For 2026, the World Cup will be jointly hosted by Mexico, Canada, and the U.S. with an expanded field of 48 teams playing across 16 North American cities. D.C. is joining the race to be one 10 U.S. hosts.  

We are #UnitedByTheGame. Join the #DC2026 movement today ➡️ https://t.co/0KxJzosFg3 --⚽️ pic.twitter.com/9piz9sdQhK

— DC2026 World Cup Bid (@dc2026) June 30, 2020

DC2026, the group entrusted with forming the bid, announced a 40-member advisory board that includes D.C. United goalkeeper Bill Hamid, former D.C. United player Eddie Pope, Washington Spirit's Andi Sullivan, former USWNT player Brianna Scurry, and chef Jose Andres.

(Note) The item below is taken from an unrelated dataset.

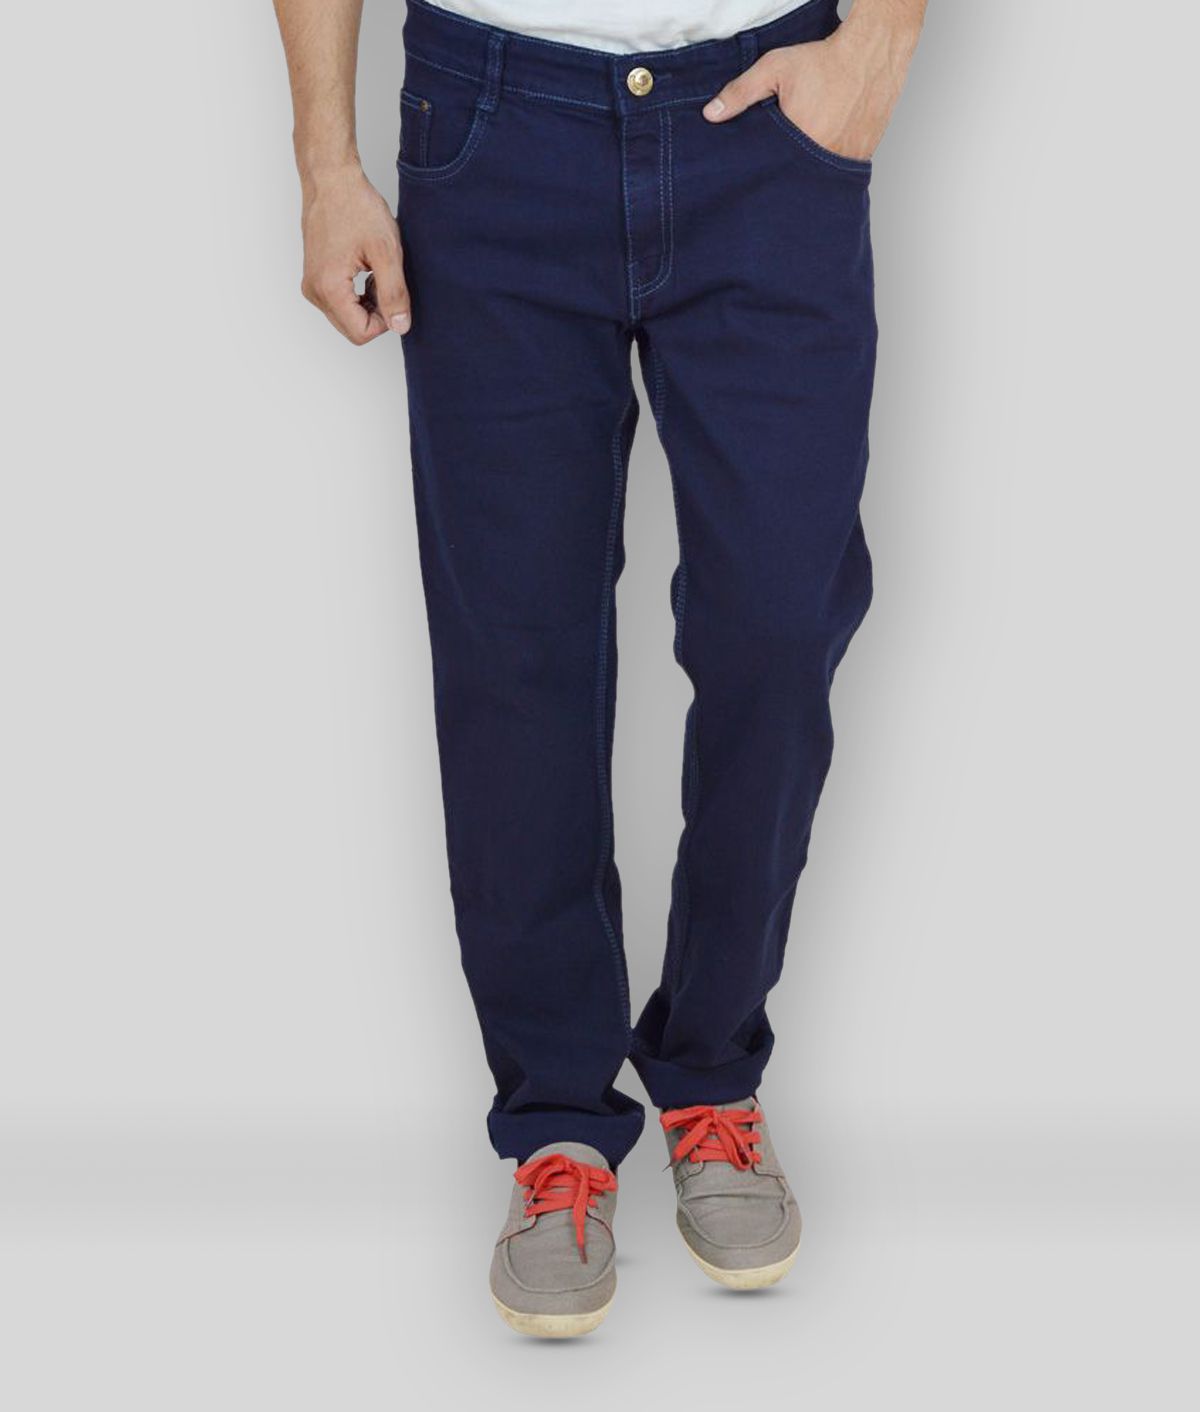 Studio Nexx - Navy Blue 100% Cotton Regular Fit Men's Jeans ( Pack of 1 )

"As a native Washingtonian, I am proud to be a Co-Chair of DC's official bid committee to host the 2026 FIFA World Cup," Hamid said in a statement. "I could not think of a more vibrant, inclusive or passionate soccer city to host FIFA World Cup matches in 2026. With our deep soccer roots and diversity, the culture of our city gives us our foundation to successfully highlight the matches and leave a lasting impact on the future of the game."

D.C. hosted games during the 1994 men's World Cup at RFK Stadium, as well as games during the 1999 and 2003 women's World Cup. However, RFK Stadium won't likely be a location this time around with FedEx Field being the only current viable option in the D.C. area. 

In all, sixteen U.S. cities are in the running to be selected, including Baltimore (which put forward M&T Bank Stadium). Per The Washington Post, the favorites include New York, Los Angeles, Dallas, Miami, the Bay Area and Boston, with Atlanta, Cincinnati, Denver, Houston, Kansas City, Mo., Nashville, Orlando, Philadelphia, and Seattle.